The task> The listing is to be transcribed in full, with its images left out.

Dataset extract>
□ □ □ □
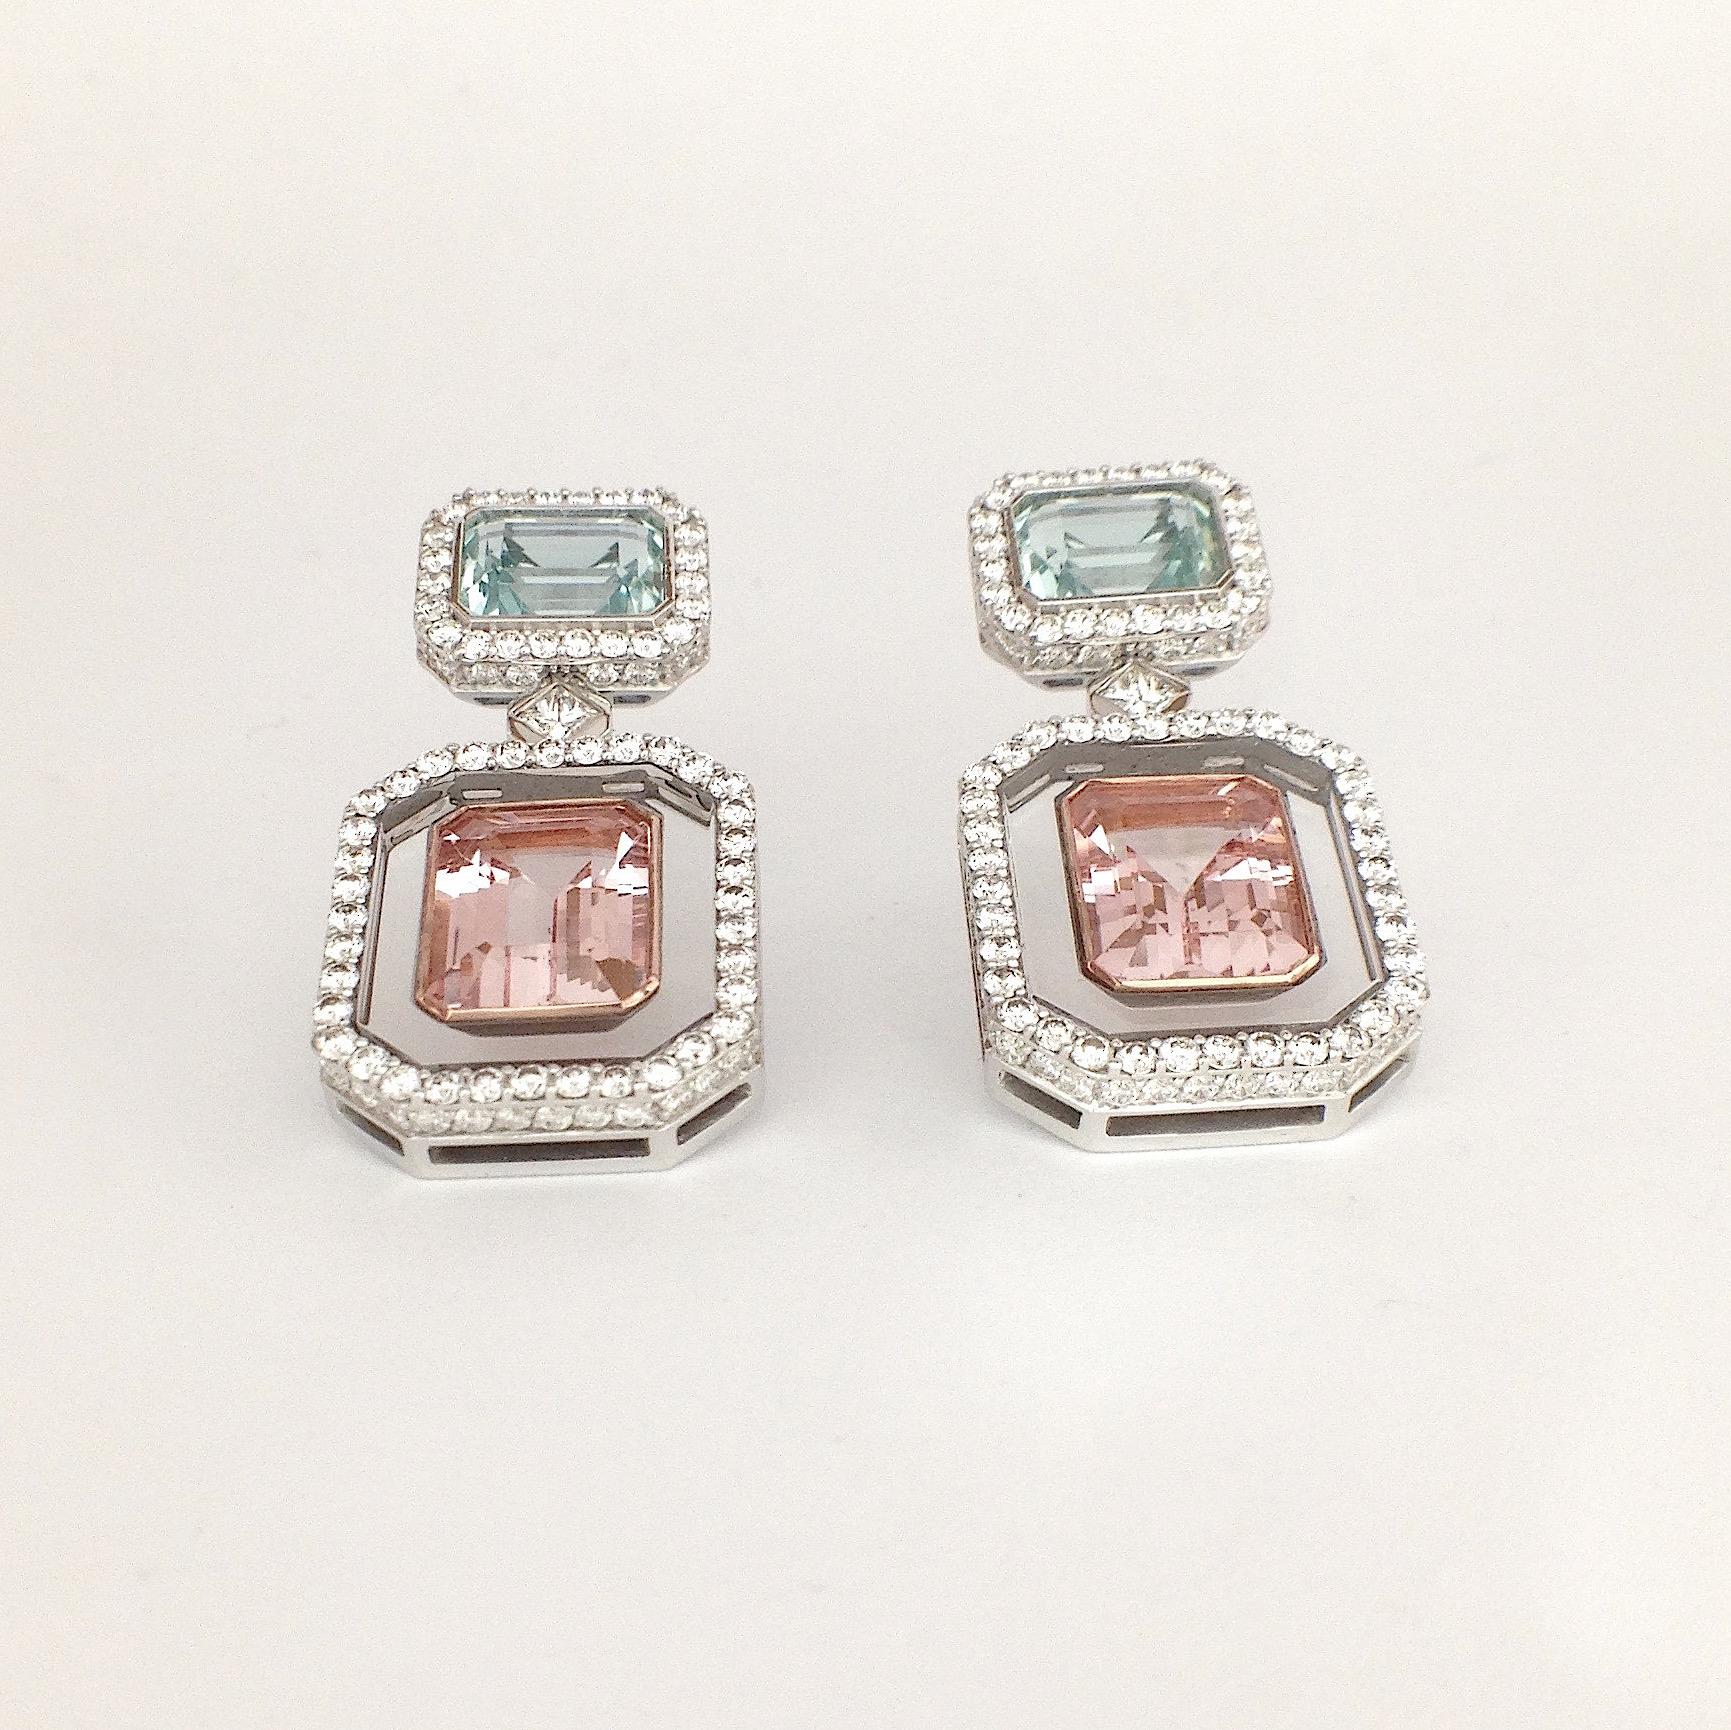 Gemstone Morganite Green Beryl Diamond 18KT Gold Rock Crystal Earrings and Jewelry Box 
These stunning earrings are made of white gold and are composed of three articulated elements.
The upper part has an emerald-cut green beryl, surrounded by white
□ □ □ □
Solution>
 Gemstone Morganite Green Beryl Diamond 18KT Gold Rock Crystal Earrings and Jewelry Box 
These stunning earrings are made of white gold and are composed of three articulated elements.
The upper part has an emerald-cut green beryl, surrounded by white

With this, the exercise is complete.